M.A. "Tonette" Krousel Wood, MD, MSPH, FACPM
President, ACPM


The recent article in JAMA Forum, Physician-Public Health Practitioners—The Missing Academic Medicine Career Track1 was music to my ears. As a Board-certified Preventive Medicine physician working in academic medicine, the article echoes decades of similar calls to address growing public health needs.

 
The COVID-19 pandemic illuminated the persistent health inequities and challenges that strained the medical and public health sectors, leading physicians to seek broader skillsets in population health. The great news—an Accreditation Council for Graduate Medical Education (ACGME) accredited infrastructure for training board-certified physicians to practice at the interface of medicine and public health has existed since 1946. However, the absence of this specialty in the article exemplifies the lack of visibility and funding for programs that train physicians to become leaders in community preparedness and health resilience.
 
Important facts:  

  • There are 43 General Preventive Medicine/Public Health (GPM/PH) accredited residency training programs2 which require clinical training, a masters in public health (MPH) or equivalent degree, and practice-based experiences in health departments, community and clinical settings
  • Academic institutions with GPM/PH programs have strong partnerships with state and local health departments for rotations. 
  • GPM/PH training provides competencies and credentials beyond a MPH   
  • The American Board of Preventive Medicine provides board certification in GPM/PH3

Per the American Association of Medical Colleges more than two-thirds of applicants to GPH/PM programs are non-white,4 indicating an opportunity to build a medical profession more reflective of the diverse communities we serve.
 
Challenges for the specialty of GPM/PH are similar to those cited for population health departments:5 uncertain funding, limited exposure to GPM/PH in medical school; areas of overlapping focus; limited research portfolios; and insufficient ‘hard’ money to support infrastructure and growth.
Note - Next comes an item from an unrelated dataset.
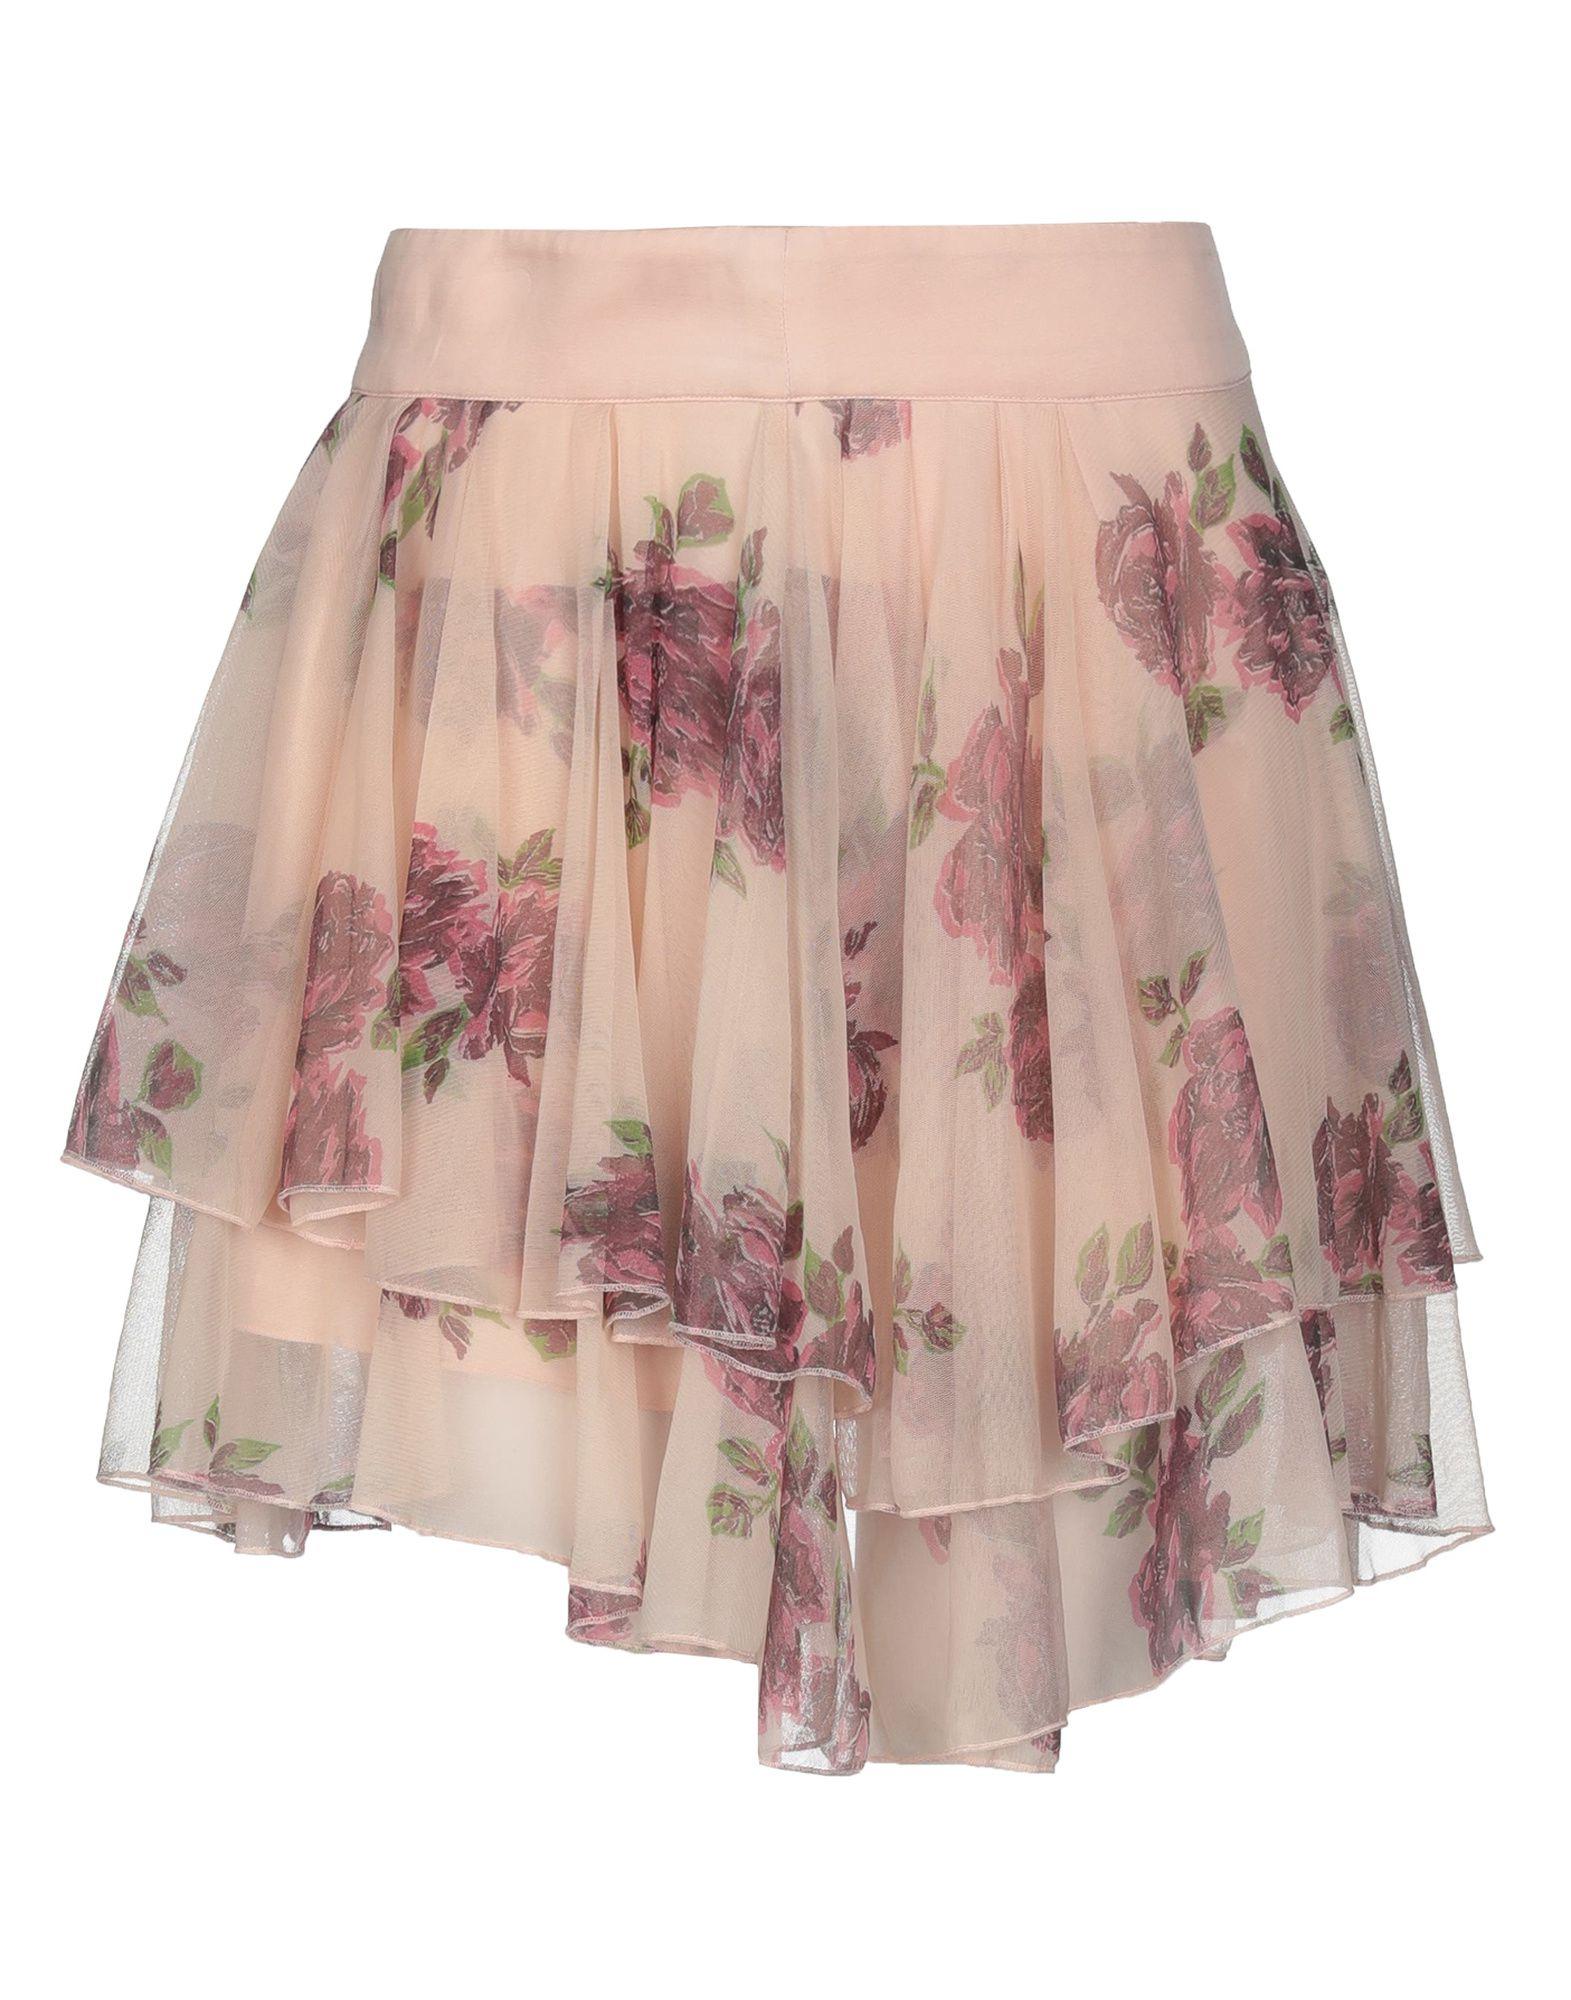 Diesel Skirts MINI SKIRTS

Paramount is the lack of funding for the residency training pipeline. Despite a 2007 Institute of Medicine report estimating a deficit of 10,000 public health physicians in the U.S.6, approximately half of the approved residency slots remain unfilled due to funding constraints.
 
Congress has the power to expand funding for GPM/PH programs via the Health Resources and Services Administration. Unlike many residency training programs, Preventive Medicine is not generally funded by the Centers for Medicaid and Medicare Services. This constricts the pipeline and diminishes visibility for GPM/PH. ACPM estimates that for $52 million, we could realize a robust pipeline to address population health needs in state, county, city and local health departments, in Federally Qualified Health Centers, in academic medical centers and health systems. Addressing pipeline issues and building an infrastructure resilient against ongoing and future public health crisis will require consistent support from our physician colleagues—join us in our advocacy efforts to fully fund this specialty. 
 
We thank the authors of the JAMA Health Forum article for highlighting a critical issue for both academic medicine and the health of our nation: the need for more physician-public health practitioners. ACPM is committed to advancing the specialty and improving health through evidence-based public health and preventive medicine.We welcome the opportunity to leverage our long-standing academic discipline and professional specialty of GPM/PH to accomplish this.

References—
 

  1. Bibbins-Domingo K, Fernandez A. Physician–Public Health Practitioners—The Missing Academic Medicine Career Track. JAMA Health Forum. 2022;3(3):e220949. doi:10.1001/jamahealthforum.2022.0949

  2. List of Programs By Specialty. Accreditation Council for Graduate Medical Education. Accessed April 19, 2022. https://apps.acgme-i.org/ads/Public/Reports/Report/1

  3. Become Certified. American Board of Preventive Medicine. Accessed April 19, 2022. https://www.theabpm.org/become-certified/

  4. American Association of Medical Colleges. (n.d.). Eras statistics. AAMC. Retrieved April 12, 2022, from https://www.aamc.org/data-reports/interactive-data/eras-statistics-data

  5. Gourevitch MN, Curtis LH, Durkin MS, et al. The Emergence of Population Health in US Academic Medicine: A Qualitative Assessment. JAMA Netw Open. 2019;2(4):e192200. doi:10.1001/jamanetworkopen.2019.2200

  6. Institute of Medicine (IOM). 2007. Training Physicians for Public Health Careers. Washington, DC: The National Academies Press.  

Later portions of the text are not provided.